Hunch is a port of guessit. All 49 of guessit's properties are
implemented (3 intentionally diverged — see COMPATIBILITY.md). We validate
against guessit's own YAML test suite:

| | guessit (Python) | hunch (Rust) |
|---|---|---|
| Overall pass rate | 100% (by definition) | **80.0%** (1,047 / 1,309) |
| Properties implemented | 49 | 49 (3 diverged) |
| Properties at 90%+ | 49 | 31 |
| Properties at 100% | 49 | 16 |

**Where hunch matches guessit** (96–100% accuracy):
year, video_codec, container, source, screen_size, audio_codec, crc32,
color_depth, streaming_service, bonus, film, aspect_ratio, size, edition,
episode_details, version, frame_rate, episode_count, season_count,
proper_count, date, disc, episode_format, week, video_api.

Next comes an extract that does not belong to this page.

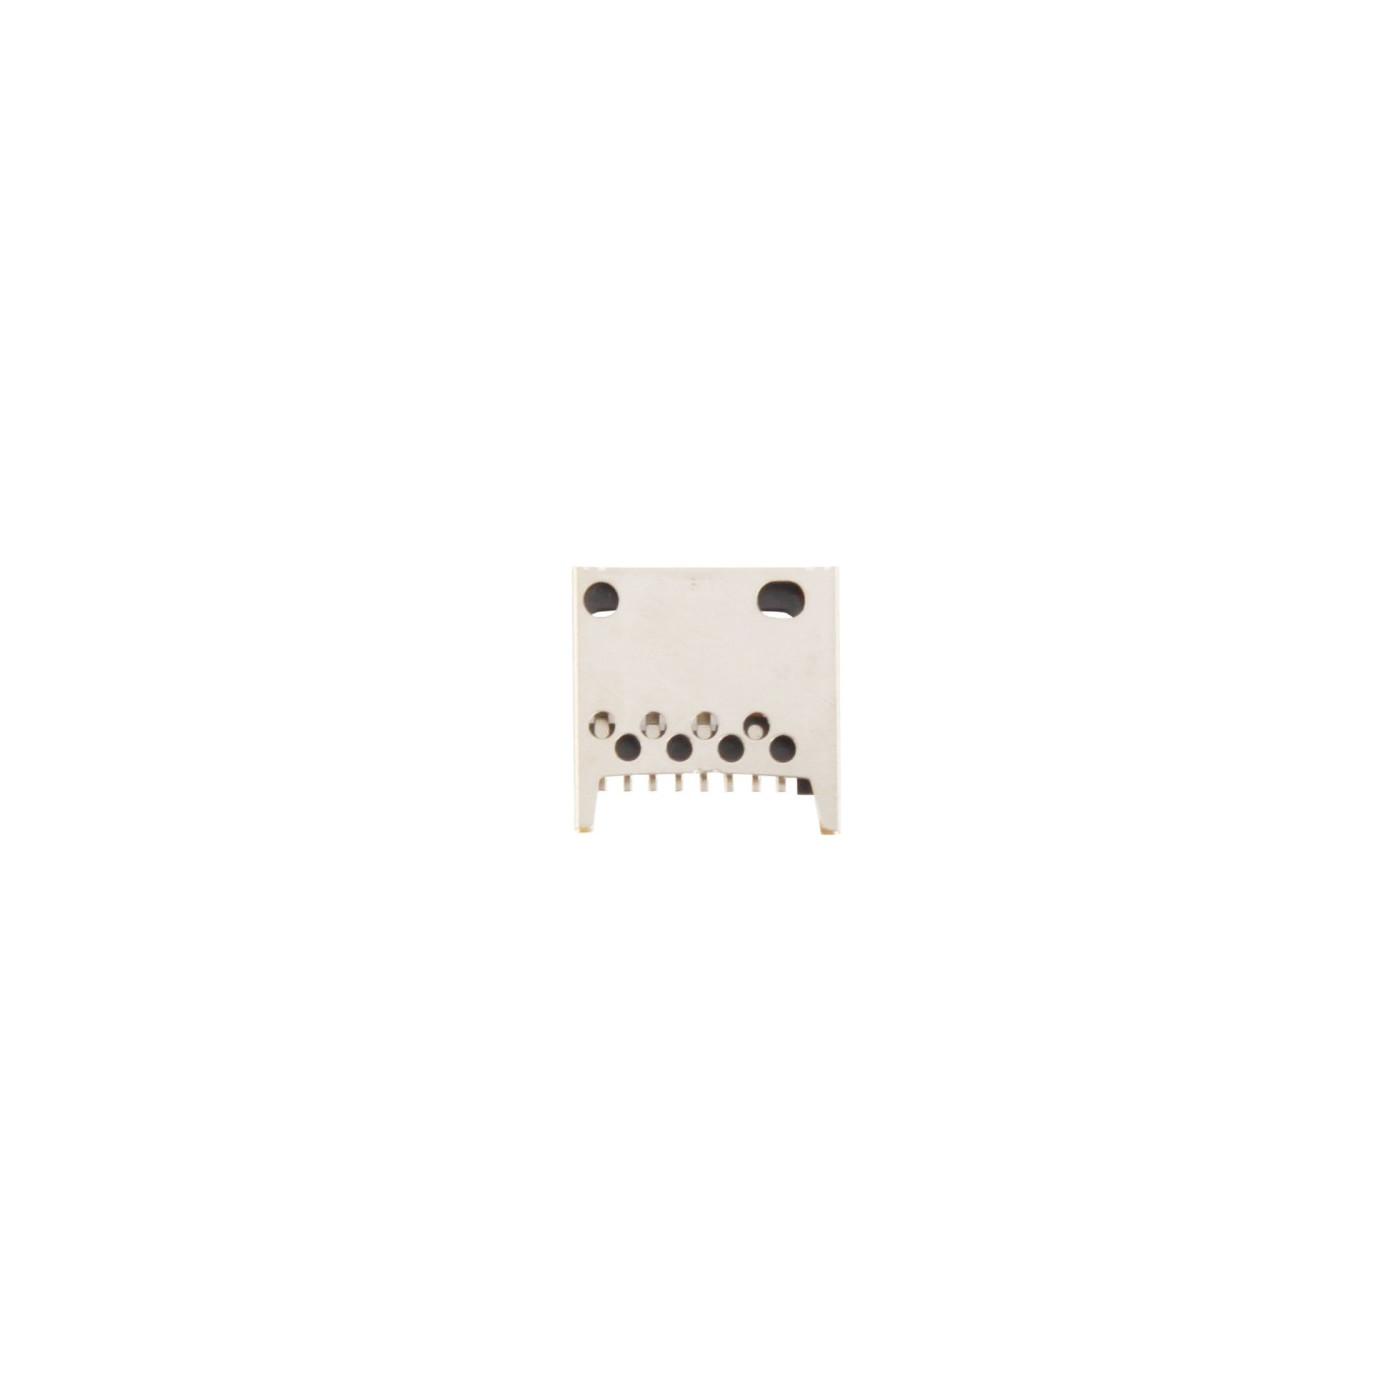 Player card slot sim card for Sony Ericsson Xperia Arc S

**Where hunch is developing** (70–95%):
title (92%), release_group (90%), episode (90%), season (94%),
audio_channels (95%), language (85%), other (85%),
episode_title (74%), subtitle_language (77%),
audio_profile (85%).

For per-property breakdowns, per-file results, and known gaps,
see **[COMPATIBILITY.md](COMPATIBILITY.md)**.

## Design

Hunch does **not** port guessit's `rebulk` engine. Instead it uses a
**tokenizer-first, two-pass, TOML-driven architecture**:

1. **Tokenize** — Split input on separators (. - _ space), extract
   extension, detect bracket groups, handle path segments.
2. **Zone map** — Detect structural anchors (SxxExx, 720p, x264) to
   establish title zone vs tech zone boundaries, per directory and filename.
3. **Pass 1: Match & Resolve** — TOML rule files (20 files, embedded at
   compile time) match tokens via exact lookup, regex, and templates.
   Algorithmic matchers handle complex patterns (episodes, dates).
   Conflicts resolved by priority, then length. Zone disambiguation.
4. **Pass 2: Extract** — Release group, title, and episode title run
   with access to resolved match positions from Pass 1.
5. **Result** — HunchResult with 49 typed property accessors.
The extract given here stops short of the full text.